Fast forward to a time just over ten years ago and I was at my parents place awaiting Brian’s arrival for dinner.   Marilyn was on the phone as he rode up on a motorcycle.  Informed of his arrival and mode of transportation she strangely asked what color the motorcycle was.  “Shit” was not the expected answer when being told that it was silver.  Brian had just bought his first BMW motorcycle.

And here he changed my life yet again as I now had to fulfill my part of a bargain we had recently ginned up (although for sure there was more scotch than gin involved).  Over the next few years we embarked on our annual Odyssey; visiting Frank Lloyd Wright sites and taking in Major League Baseball games across North America, all done of course on BMW motorcycles.

Along with architecture and baseball there was one other constant with these trips which I have been forbade to tell of, until now.  Brian dropped his bike.   A lot.  It usually happened when he was stopped in a parking lot, at a gas station, on the side of the road getting a picture or just taking in the view.  Once the bike was back up with the rubber side down he invariably would turn and say “You are not to blog this”.  I unquestionably agreed, but was never sure who he thought he was fooling, it certainly was not Marilyn.  I can’t think of a time when he didn’t return home bruised, scarred, limping or wearing a cast.  And I doubt there was ever a trip that wasn’t completed without a repair bill to put all the broken motorcycle bits back together.

Eventually North America wasn't big enough and plans were made for something a little more adventurous.  Along with Brian’s friend Jim Mattison, we had  signed up for a 2-month long motorcycle ride from Istanbul Turkey to Xi’an China along the fabled Silk Road.  As this ride of a lifetime wasn't scheduled until the following year it was decided that we needed some preparation.  

First off was a Spring ride through the Chilcotin mud to Barkerville.  Early on the second day I found myself waiting for the other two an inordinately long time at a cross road.  Just as I was getting on my bike to head back, over the hill rode Brian and it was obvious what had happened.  As they pulled up Jim immediately voiced his concern about the hard fall Brian had taken.  He was also amazed at just how fast Brian had gotten his bike back up on its wheels.  “He’s had a lot of practice” I said.  And he got a lot more practice that weekend; returning home yet again from a trip bruised, scarred and limping with all sorts of broken bits hanging off his motorcycle.

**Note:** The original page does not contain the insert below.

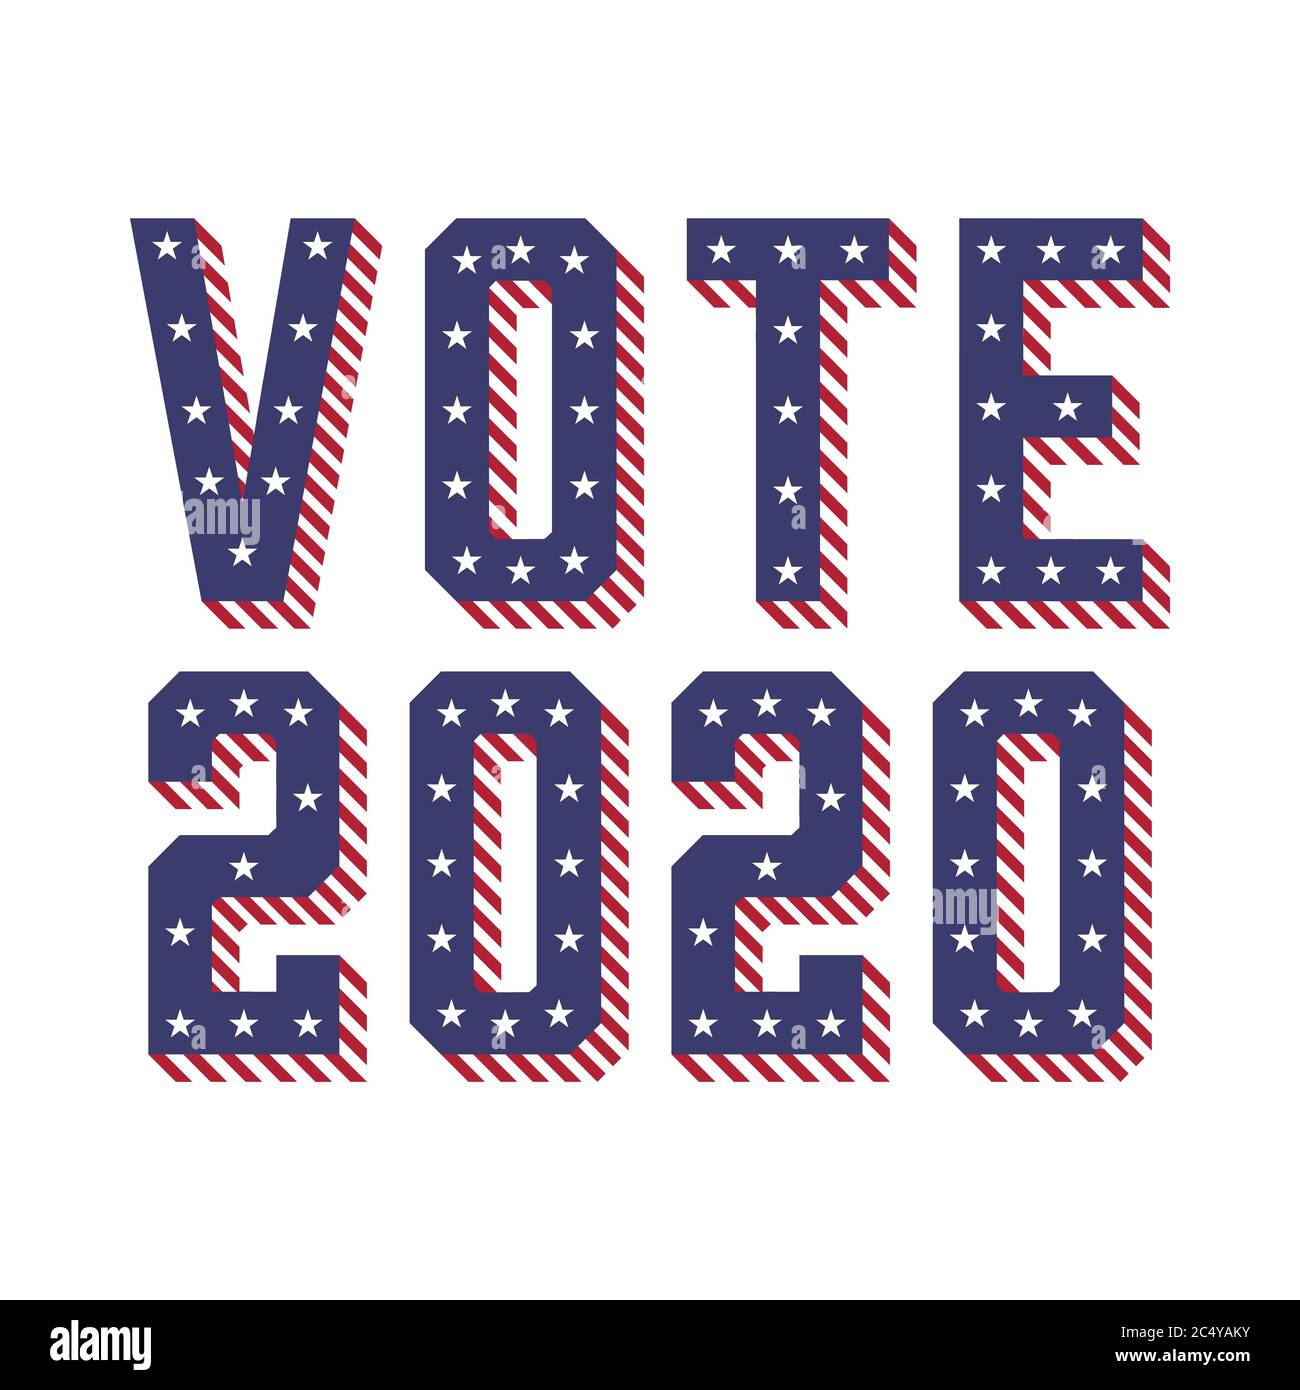 Le elezioni degli Stati Uniti d'America (USA) VOTANO 2020 con l'illustrazione vettoriale del concetto di stelle e strisce Illustrazione Vettoriale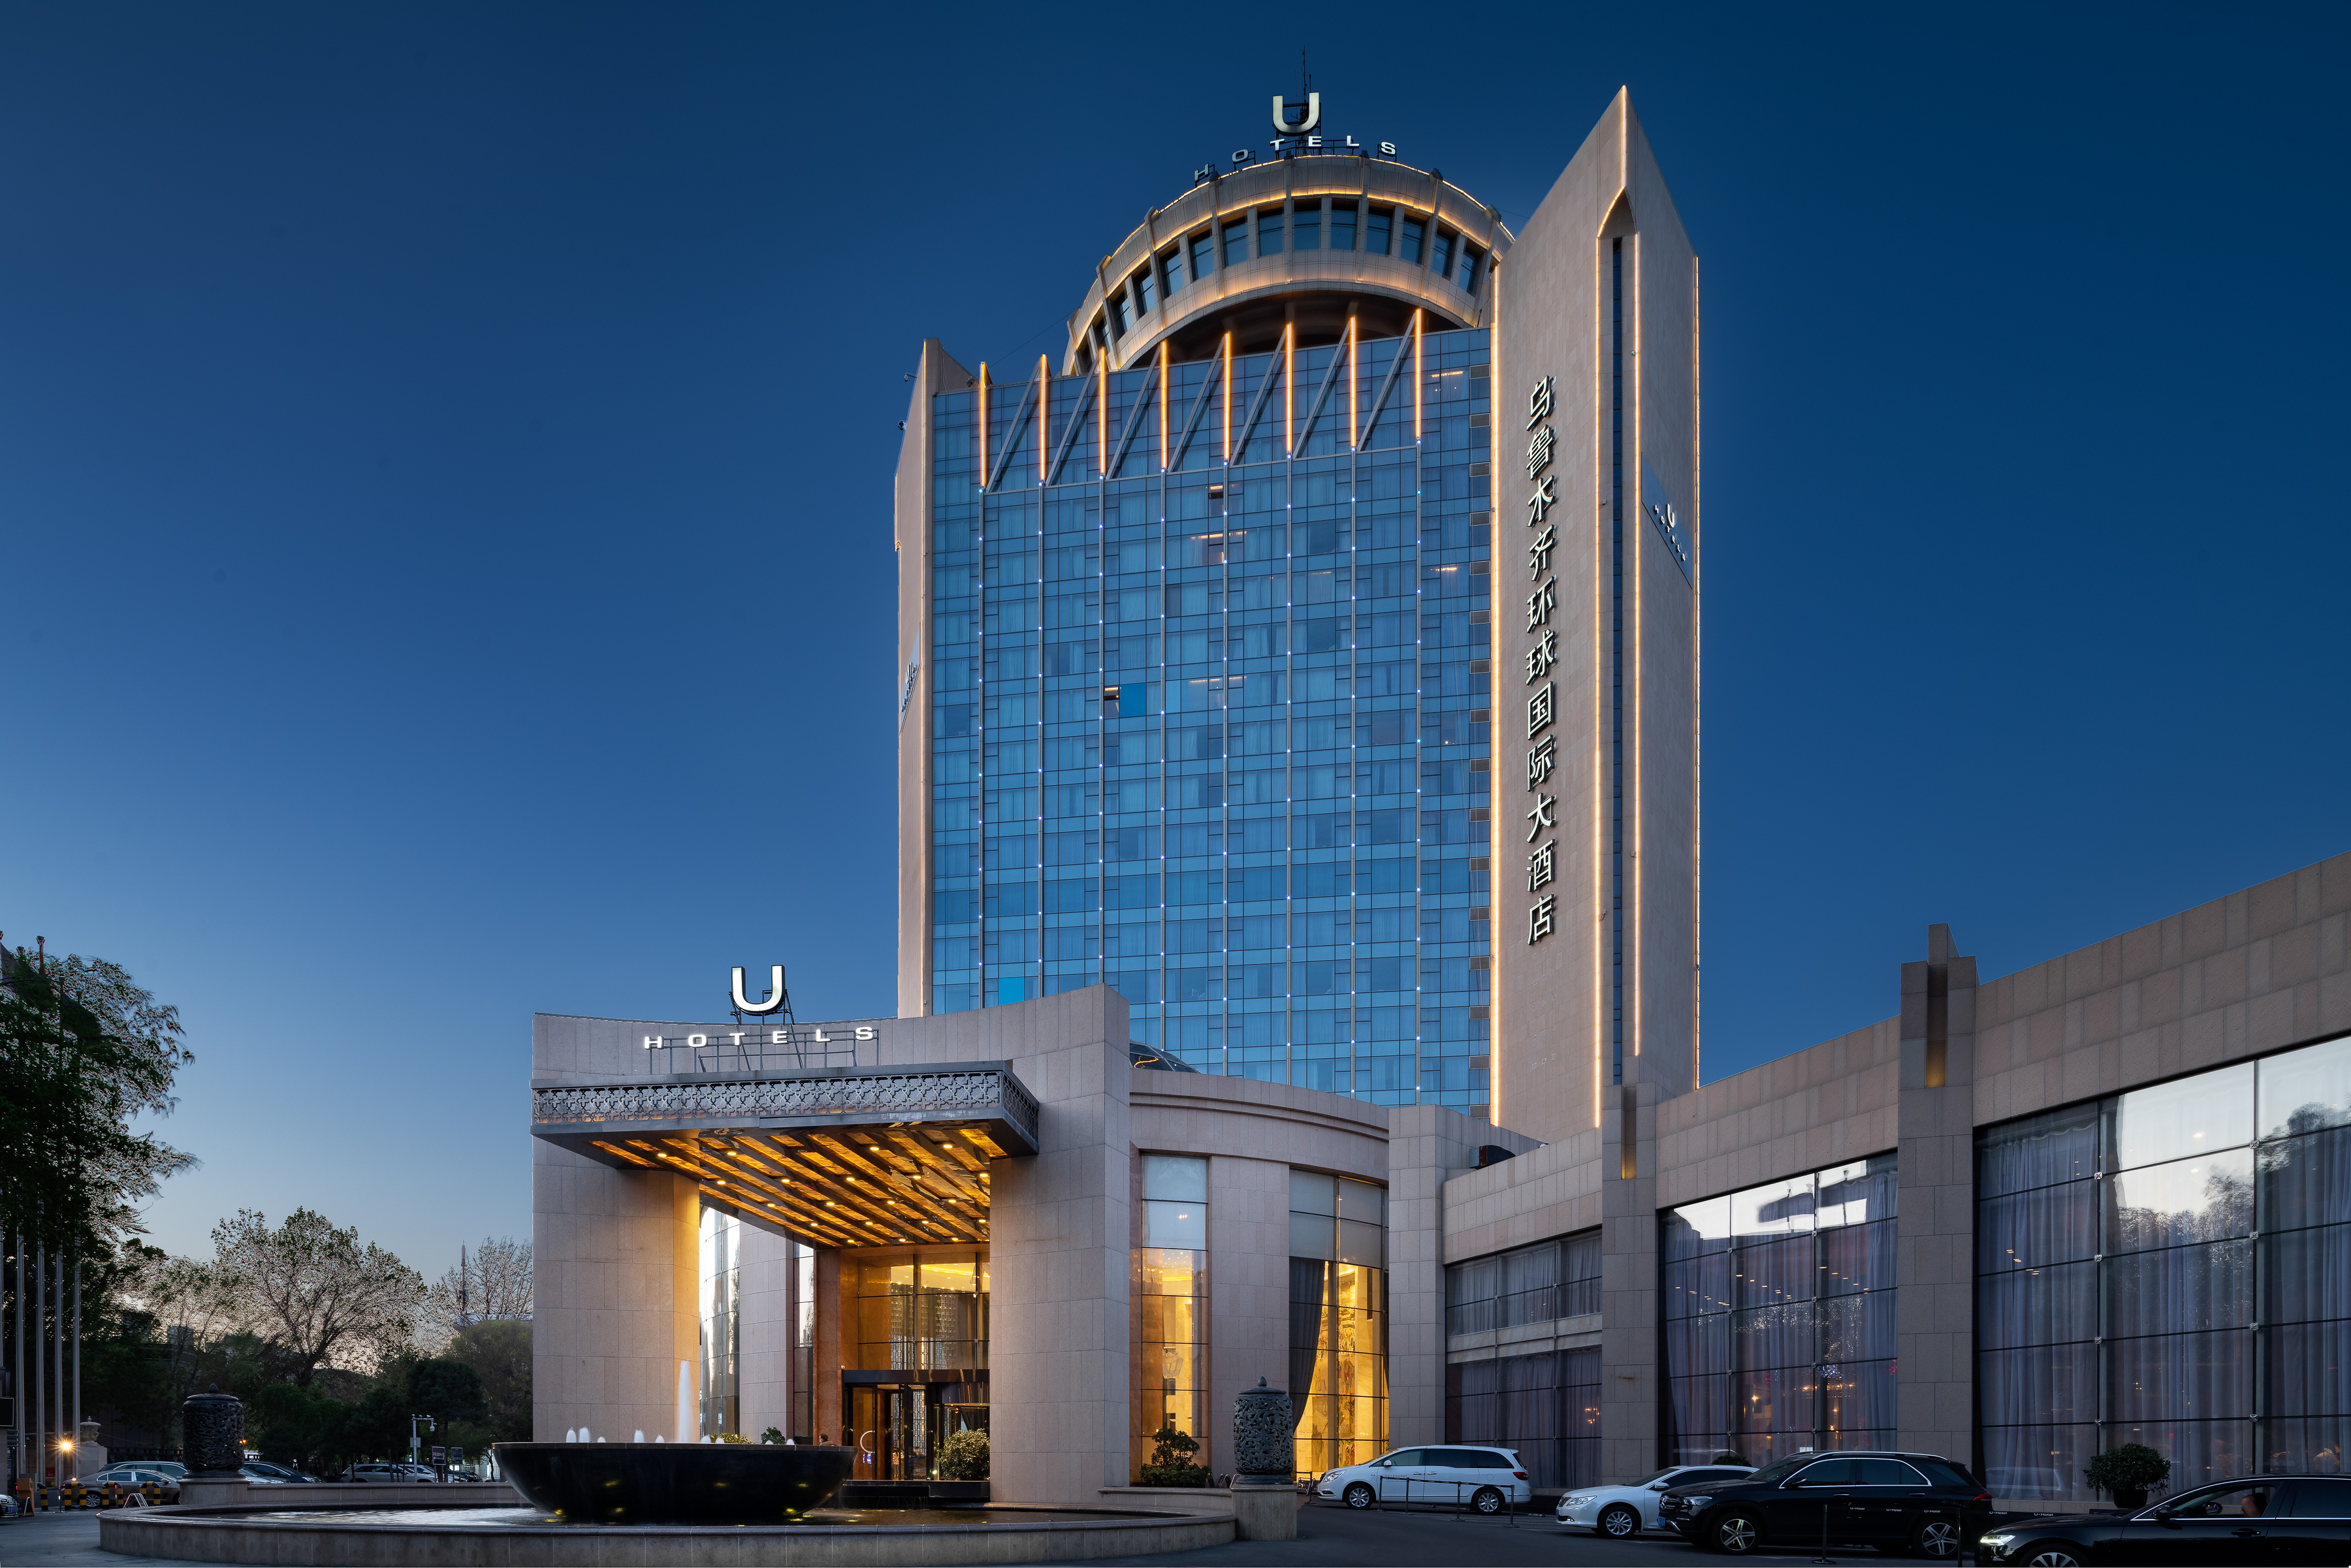 乌鲁木齐环球国际大酒店

Last Fall we set out once again, this time the objective being simply riding across Canada to Newfoundland and back.  Other than battling miserable weather all the way East and a few mechanical issues the 6-week trip unfolded rather smoothly.  And for the first time Brian did not once drop his bike.  A short time after getting home he received the diagnosis of a brain tumor.

In addition to preparing our bikes and ourselves for the Silk Road, Brian had been busy at work exercising his new found love of pottery;  firing off a series of medallions that he planned to give away to people he met on his journey.  We met up the day before I left for Europe where he entrusted me with the bag of medallions and his mission, as he himself was now unable.  With the great and appreciative help of the other riders on the trip his task was enthusiastically completed.  Each of us dutifully reported directly back to Brian the experience of the day and of the recipient of his gift.

The medallions provided all of us an amazing conduit to get that much closer to the people of the lands we travelled through as well as allowing Brian to vicariously ride along with us all the way to China.   Sharing the medallion experience across Central Asia was  only the most recent way Brian Wallace changed my life for the better.   I do not expect it will be the last.